Third, the U-boats still had advantages.  On the one hand, ASDIC could tell location, but not depth and depth charges had to explode within 20 feet to damage a submarine; when on the surface they had a high speed through the water and a very low silhouette that made them hard to see.  Surface night attacks were common.  Get a ship burning and it illuminated other targets.  On the other hand, the Germans subs took up a picket line across likely convoy routes, then converged on sighted convoys to attack in “wolf packs” that could swarm the escort vessels. 

Fourth, Captain Ernest Krause (Tom Hanks), the commander of the U.S.S. “Keeling,” represents the whole US war-effort in the early period after Pearl Harbor.  The Americans would exert an ever-increasing weight in the Anglo-American alliance as time went by, but the British had been at war for two years already.  Krause relies on his long years of service in a highly-trained and unforgiving Navy and upon an imposing personal sense of duty to cross his own “mid-Atlantic gap.” 

Fifth, words like “success” and “victory” had only a relative meaning.  Six of the merchant ships and one of the escort vessels are sunk by the Germans, and the “Keeling” is damaged.  Still, 31 merchantmen and three escorts survive.  It was a “tonnage war” and much more got through than was lost.  As Krause, exhausted by 52 straight hours on the bridge managing the complex battle trudges toward his cabin, he hears the crews of the merchant ships cheering. 

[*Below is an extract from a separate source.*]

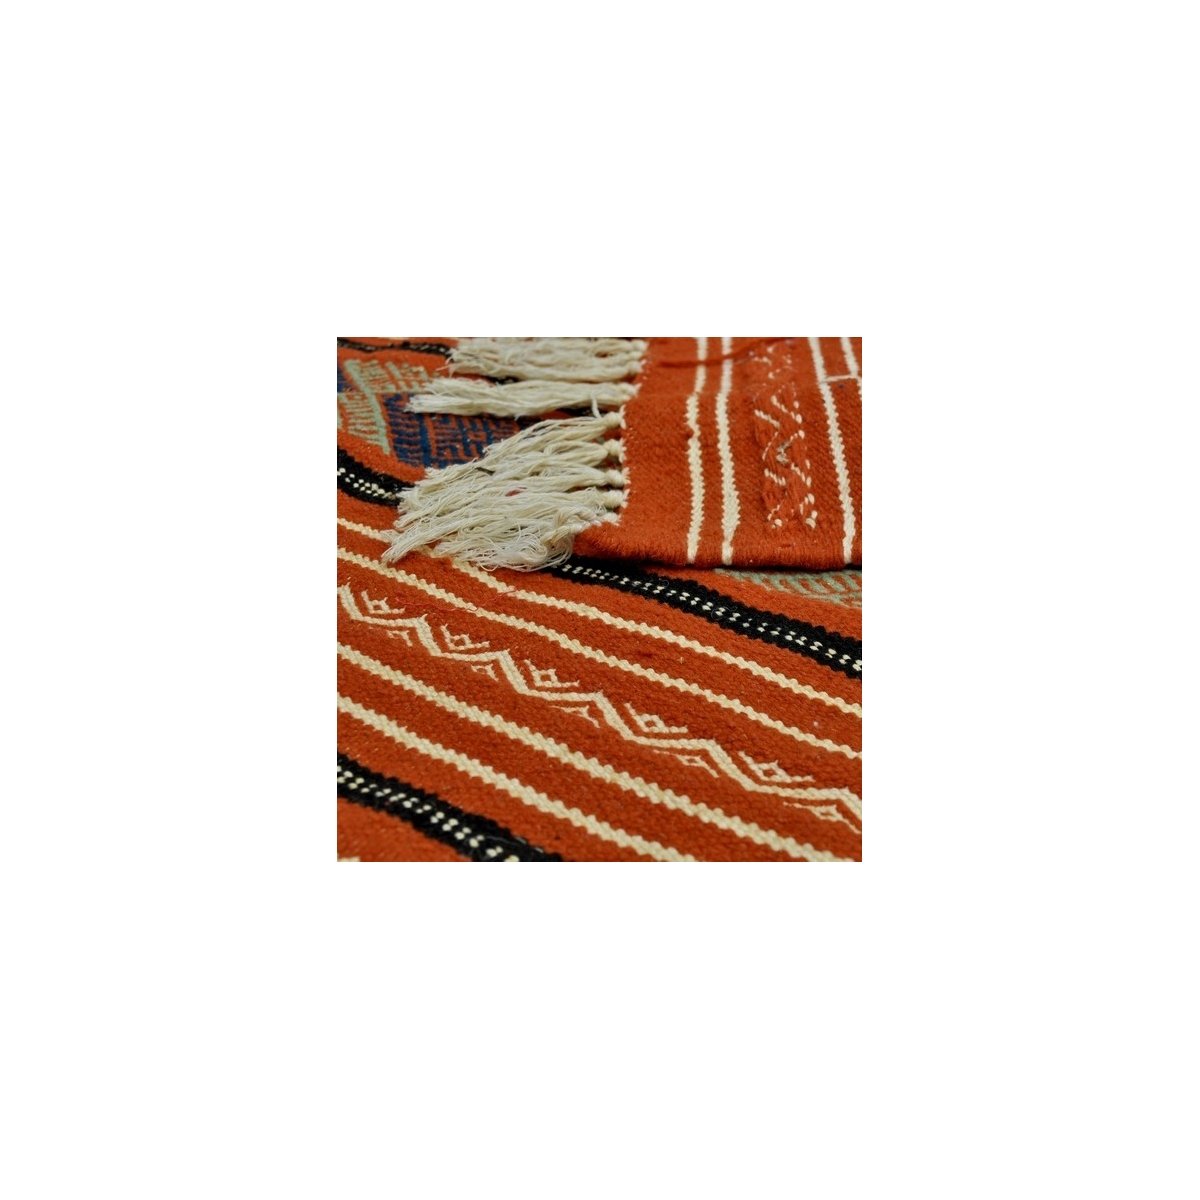 Tapis berbère Tapis Kilim Tapis Beskra 60x100 Multicolore (Tissé main, Laine, Tunisie) Tapis kilim tunisien style tapis marocain

[1] An umbrella term for conquering Denmark, Norway, the Netherlands, Belgium, and France, and driving the British Expeditionary force off the Continent at Dunkirk.  

[2] See “The Battle of Britain” (dir. Guy Hamilton, 1969).  It is historically accurate and the flying scenes are thrilling.  Based on Derek Wood and Derek Dempster, The Narrow Margin.  The Battle Of Britain (1969) (youtube.com) 

[3] There are a host of good books on this subject, but one might start with Samuel Eliot Morison, The Battle of the Atlantic, September 1939—May 1943 (1947), a volume in Professor/Admiral Morison’s Official History of U.S. Naval Operations in World War II.  Morison knew the sea and how to write readable history. 

[4] Other Good-to-Great movies on this subject include: “San Demetrio London” (dir. Charles Frend, 1943); “The Enemy Below” (dir. Dick Powell, 1957) The Enemy Below 1957 (youtube.com); “The Cruel Sea” (dir. Charles Frend, 1953); and, from the German side, “Das Boot” (dir. Wolfgang Peterson, 1981).   There’s a documentary as well: “U-Boats vs. Allies” U-Boats vs Allies – WWII: Witness to War – S01 EP3 – History Documentary (youtube.com)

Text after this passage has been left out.